Master's thesis algorithm based on RoarGraph. The project is split into two crates mimicgraph-core and mimicgraph-cli. The core crate implements the algorithm, which is then used by the CLI crate to build and evaluate datasets.
When the size and dimensionality of a dataset grow too large, we reach for Approximate Nearest Neighbors Search (ANNS) to answer queries that would otherwise be prohibitively slow to answer exactly. In recent years, some subproblems in the field have gained increased focus, such as Filtered ANNS, where we impose strict requirements on the search result, or out-of-distribution (OOD) queries that represent data of a different type to what is in the dataset. The current ANNS landscape is dominated by graph-based indices that do an expensive index construction operation upfront in order to save time when serving user queries. RoarGraph is such an algorithm; it builds a bipartite graph of the corpus and queries from the ground truth, projecting it into a final index. We take RoarGraph and drastically shorten its construction time by estimating the ground truth rather than computing it exactly. Then we more than make up the lost performance by adding more edges to the bipartite graph. The result is MimicGraph, an ANNS algorithm based on imitating another ANNS algorithm and scaling it up, while keeping build times short. This framing leads us to mimicking the filtered ANNS algorithm FilteredVamana, showing how MimicGraph can adapt to different workloads. Our results show generally better performance than RoarGraph and the state-of-the-art HNSW, all while building up to 10$\times$ faster than any of them. To ease its use, we present a method for fast parameter tuning based on dataset characteristics.

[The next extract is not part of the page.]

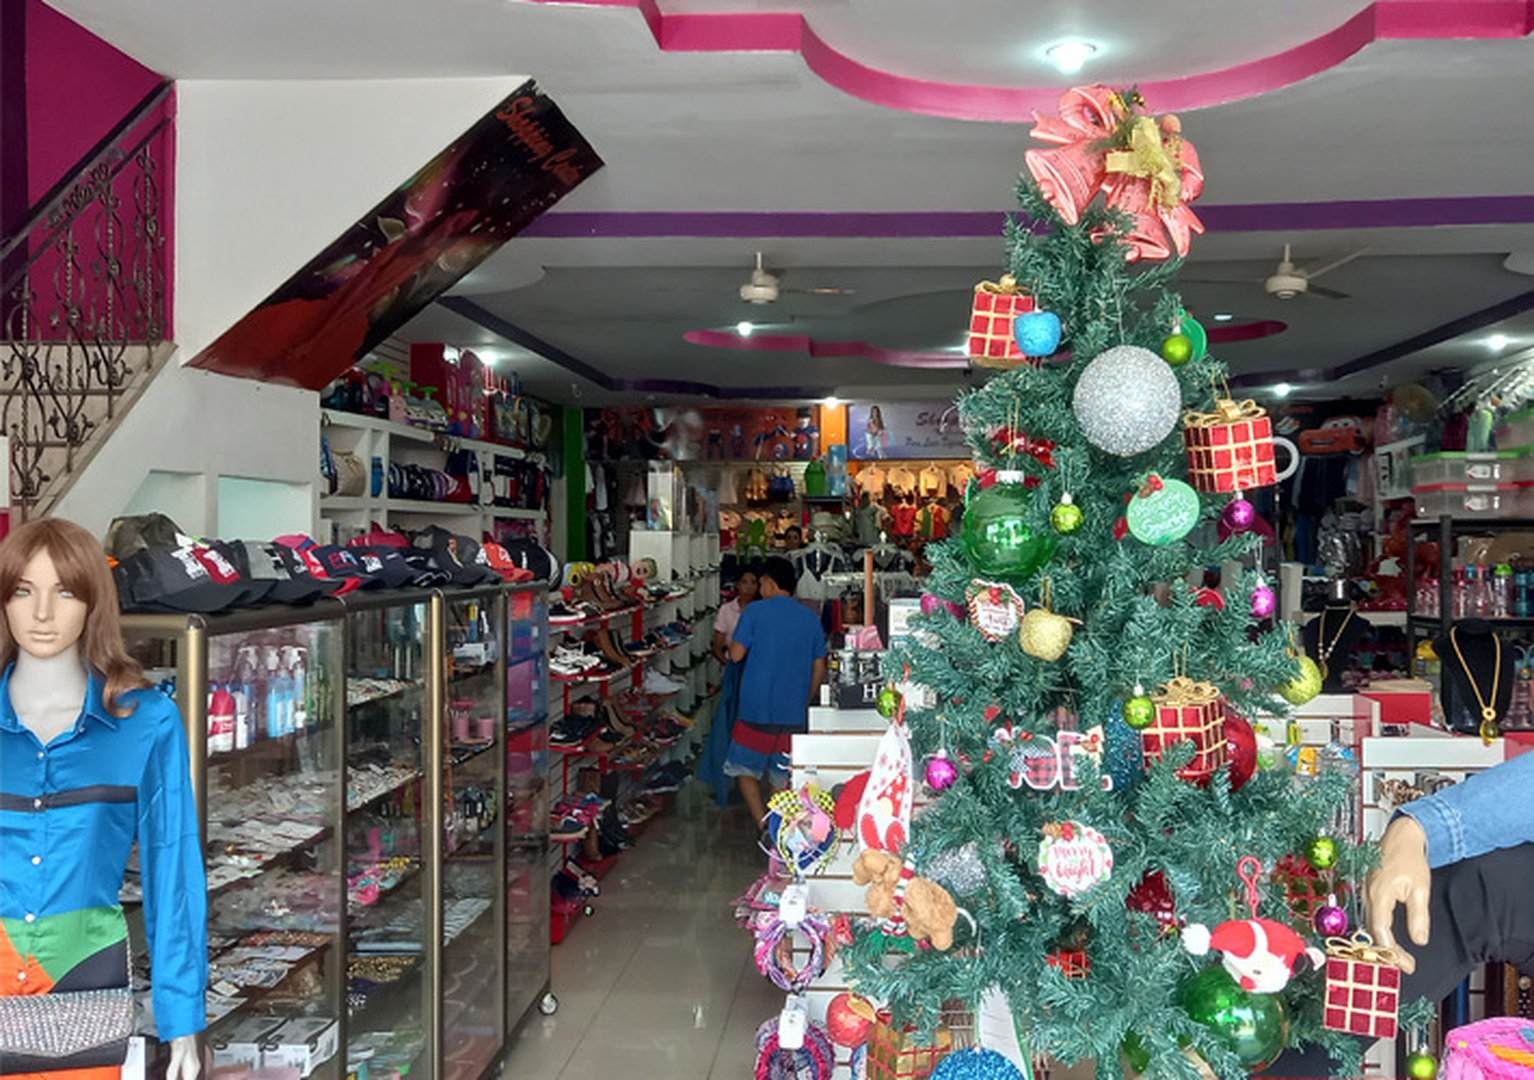 Ya el comercio de Juigalpa está surtido con mercadería alusiva a la temporada decembrina.

In the mimicgraph directory, build with native optimizations
RUSTFLAGS="-C target-cpu=native" cargo build --releaseThe binary has a handful of subcommands
$ ./target/release/mimicgraph
Usage: mimicgraph [OPTIONS] <COMMAND>
Commands:
eval Build index artifacts and evaluate recall
build Build index artifacts
ground-truth Compute ground truth for given queries
inspect Inspect artifact files written by mimicgraph-cli
help Print this message or the help of the given subcommand(s)
To build and evaluate against HNSW (and/or RoarGraph) use the eval command with a --datafile
./target/release/mimicgraph eval --datafile llama-128-ip.hdf5The datafile must be an HDF5 file with datasets "points" and "query_points". If using filtered mode, there must additionally be two groups "labels and "query_labels" with datasets "data", "indices", and "indptr", representing CSR matrices.